Tuesday 28 July 2015

All hail the God of PCR

At a particularly low moment in my PCR optimisation process, I created a shrine on top of a cupboard. It was dedicated to a god of PCR. I'm against the non-critical thinking that leads to religion and faith, so you can probably imagine how low I had to be to create a shrine. But I thought that if, despite all evidence and logic, there was a god of PCR...I had better start worshipping it.

Since then, everything has pretty much gone to plan. I have had more samples work than not work, and I've begun to assemble a pretty comprehensive tree of Cantuaria. It has mostly shown me that the current taxonomy of Cantuaria places them into different taxonomic groups (species, genus) than their genetics do. But there is still a bit of work to do with BEAST, the program I am using the build the trees.

I've decided that optimising the stubborn samples that I have left (which all seem to require completely different PCR conditions) would be a waste of time and money.
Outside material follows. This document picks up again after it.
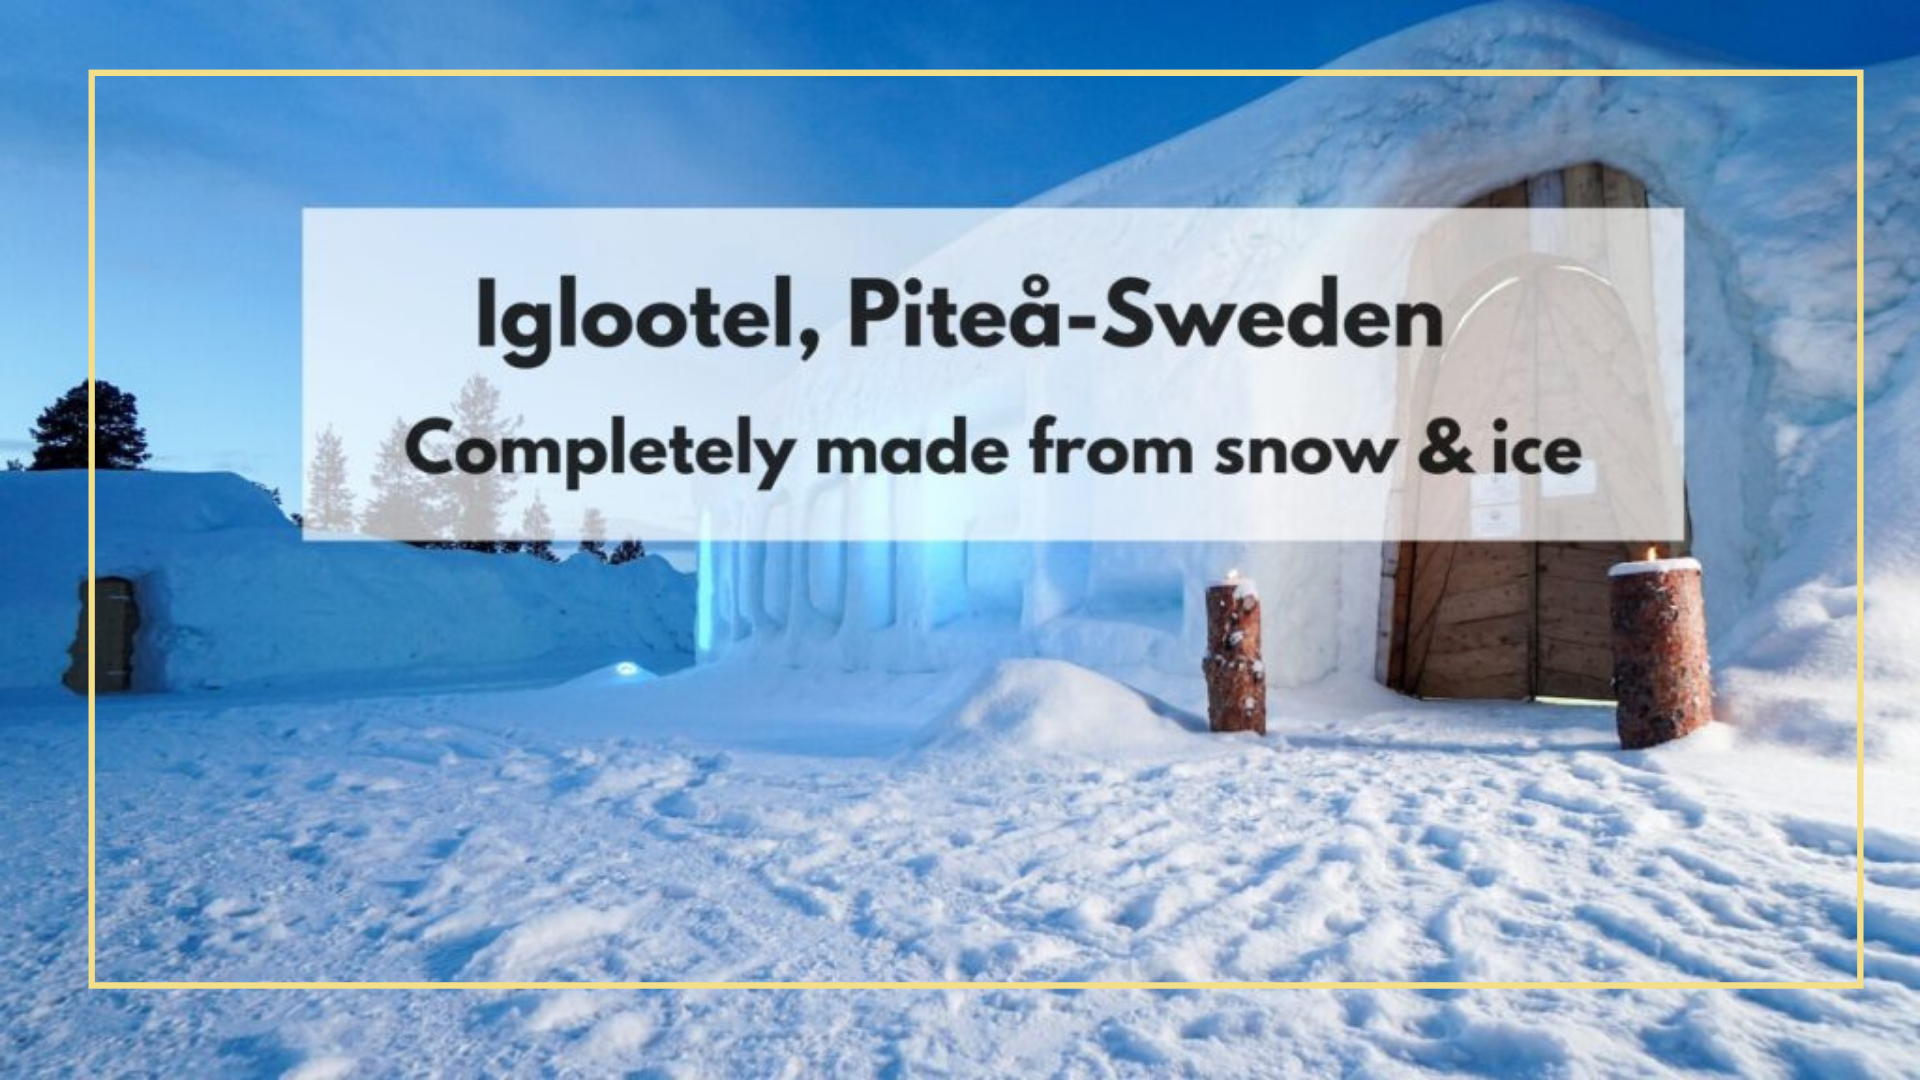 The IGLOOTEL, Lapland. An amazing opportunity for those looking for unusual winter experiences

I have enough for my tree, and it would be nice to get them all to work, but I was meant to have completed this six months ago. I've got three new genes to work with as well (thanks to a friend) which I'm going to use to create a different phylogeny with fewer samples, but more sequences per sample (an idea which I picked up from the Evolution conference). That is not going to involve optimisation, though. If stuff doesn't work, screw it, I'm out of there. I have more ecological fish to fry.

So, all that I have left to do in the lab is...
-extract DNA from the 43 remaining spiders that I have collected
-PCR for all three genes these 43 spiders
-CO1 PCR a few more samples
-PCR the new 3 genes (I'm aiming for 14 sequences - two from each major clade).
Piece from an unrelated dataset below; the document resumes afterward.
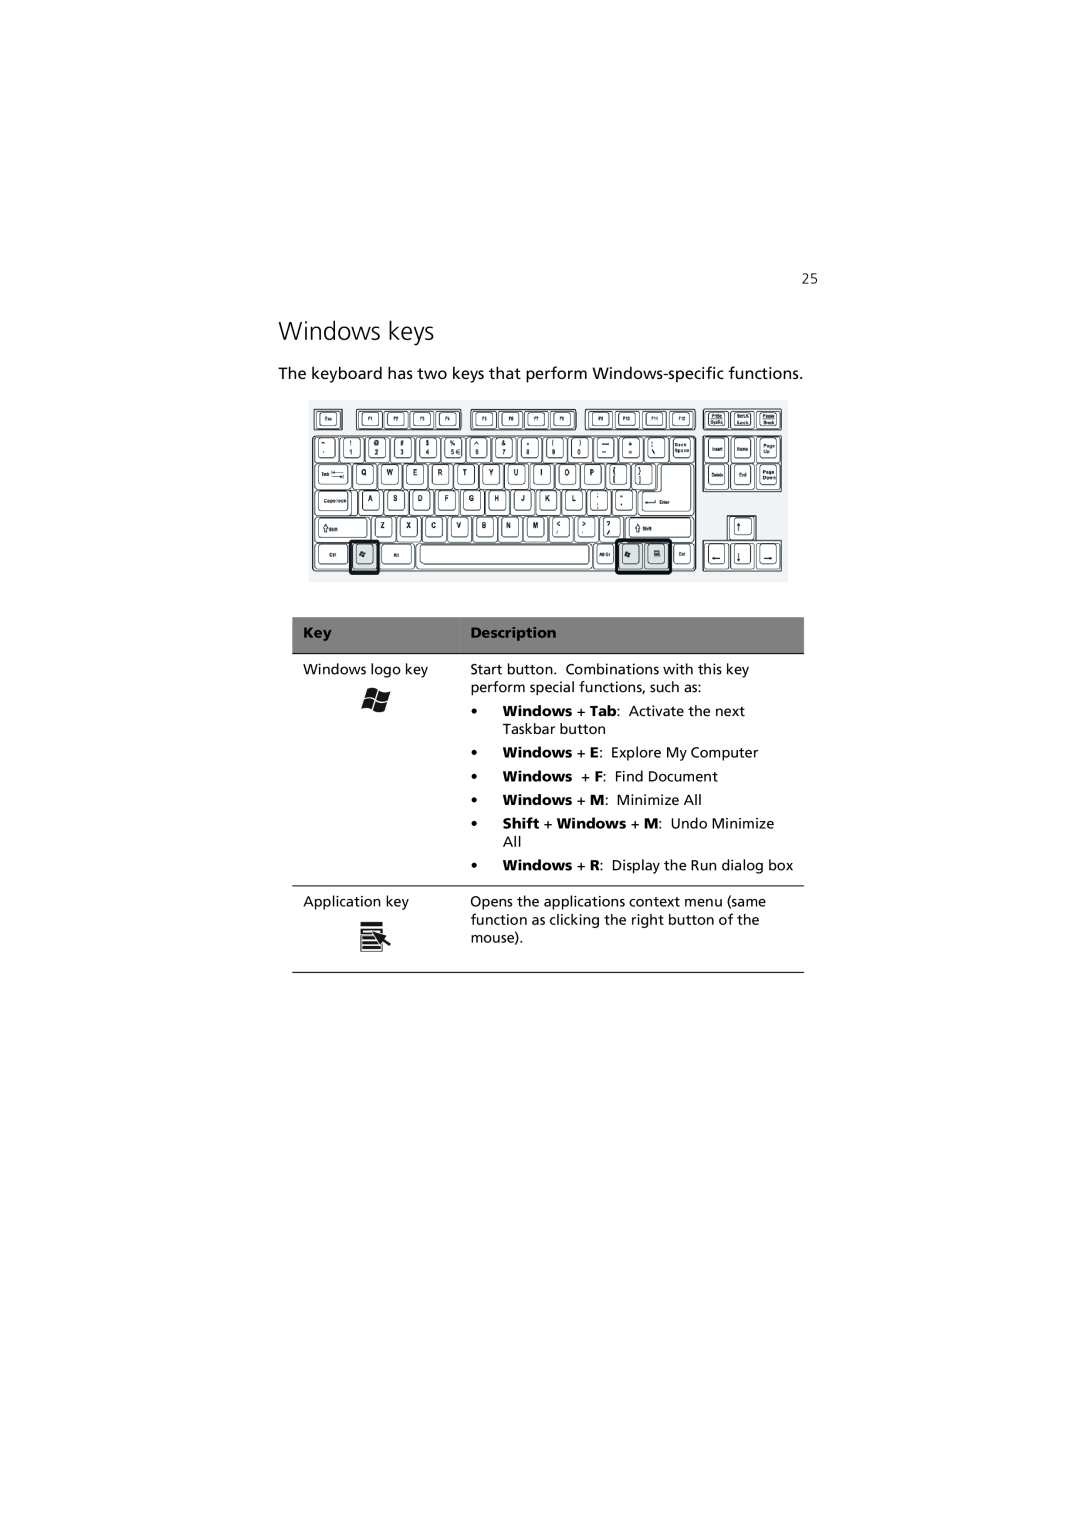 Acer 7600 manual Windows keys, The keyboard has two keys that perform Windows-specific functions

If the PCRs for the 43 remaining spiders don't work, I'll try adding BSA (a magic liquid extracted by squeezing cows), doing a gradient PCR, and using MyTaq, which was recommended to me by another person who studies the same family of spiders (but seems a little sensitive for most of my samples). But that is the limit to which I will go to make them work.

There is a light at the end of the tunnel. Wish me luck!